Figure 5: PCB assembly.

Table 3: Electromechanical drive benefits and challenges.

Integration of the electronics and the componentry into the overall mechanical design is a significant challenge. This requires a strong systems-level engineering approach to ensure a robust device at production volumes. Here are some examples (Figure 5) where a motor and printed circuit board assembly (PCBA) must be assembled into the plastic bottom housing of an injector pen. The motor has negative and positive terminals on its undercarriage that are to align with contact pads on the PCBA. This contact will require an interference fit to ensure a robust electrical connection. Both the PCBA and the motor will be heat staked into position using posts in the bottom housing.

For a successful assembly, it is critical to understand the PCBA requirements – namely, the manufacturing tolerances, the cut-out tolerances and the component placement tolerances. Assembly tolerances for placing the PCBA and the motor into the housing are also important. Finally, the moulding tolerances on the plastic housing need to be considered. In a typical project, components will be sourced from multiple suppliers (Figure 5). Systems-level planning and execution are critical to ensure the final device will assemble correctly and function as intended when these components are brought together in the final device.

By adding electronics to the device, there is also additional complexity in testing that will need to be completed on the device to meet stringent electrical safety standards. The firmware development will also need to be managed in conjunction with the PCBA design and validated to ensure it meets requirements.

Chemical Drive

Using the energy created from a chemical reaction can be a novel approach to generating the required injection force for an LVI (Table 4). Some of the advantages to this method include the high energy density achievable in a compact size and the potential to control the reaction to meet your requirements – i.e. a lower initial force to mitigate against high impact on the drug container. However, there are some challenges to this method that will need to be overcome.

BenefitsChallenges
Very high potential power densityForce profiles susceptible
to environmental challenges
Low number of moving partsEnvironmental disposal challenges
No stress / pressure in stored stateDevelopment time (novel technology)

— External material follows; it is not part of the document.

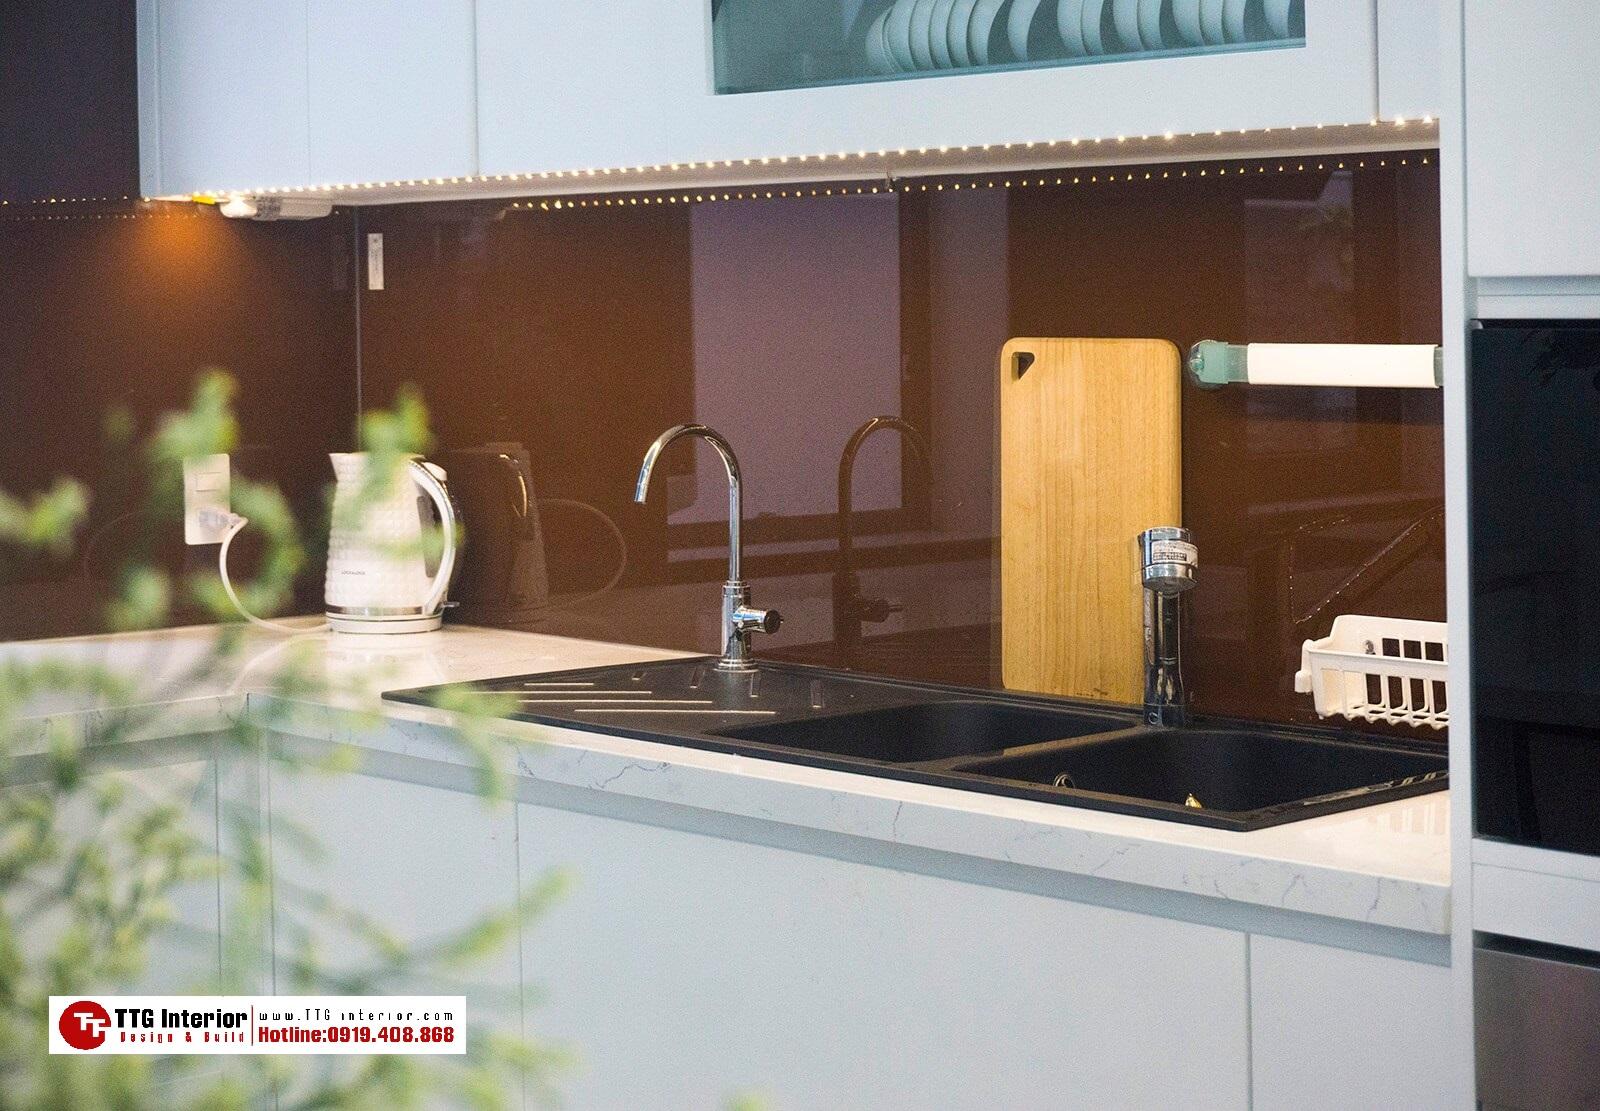 Thiết bị bếp Bosch, Malloca, Cleansui

Table 4: Chemical drive benefits and challenges.

When one considers the use of chemical energy, the risk that frequently comes to mind is an out-of-control reaction. This is a very real issue but there are many ways to use the energy from a chemical reaction in a controlled, safe and regulated manner.

One such possibility is the use of an electric source to stimulate and thus regulate the chemical reaction through electrochemical interactions. This gives greater flexibility to the designer in creating a delivery profile that matches the device requirements. With the addition of a PCBA, programmable delivery profiles can be created to offer greater flexibility as a platform device.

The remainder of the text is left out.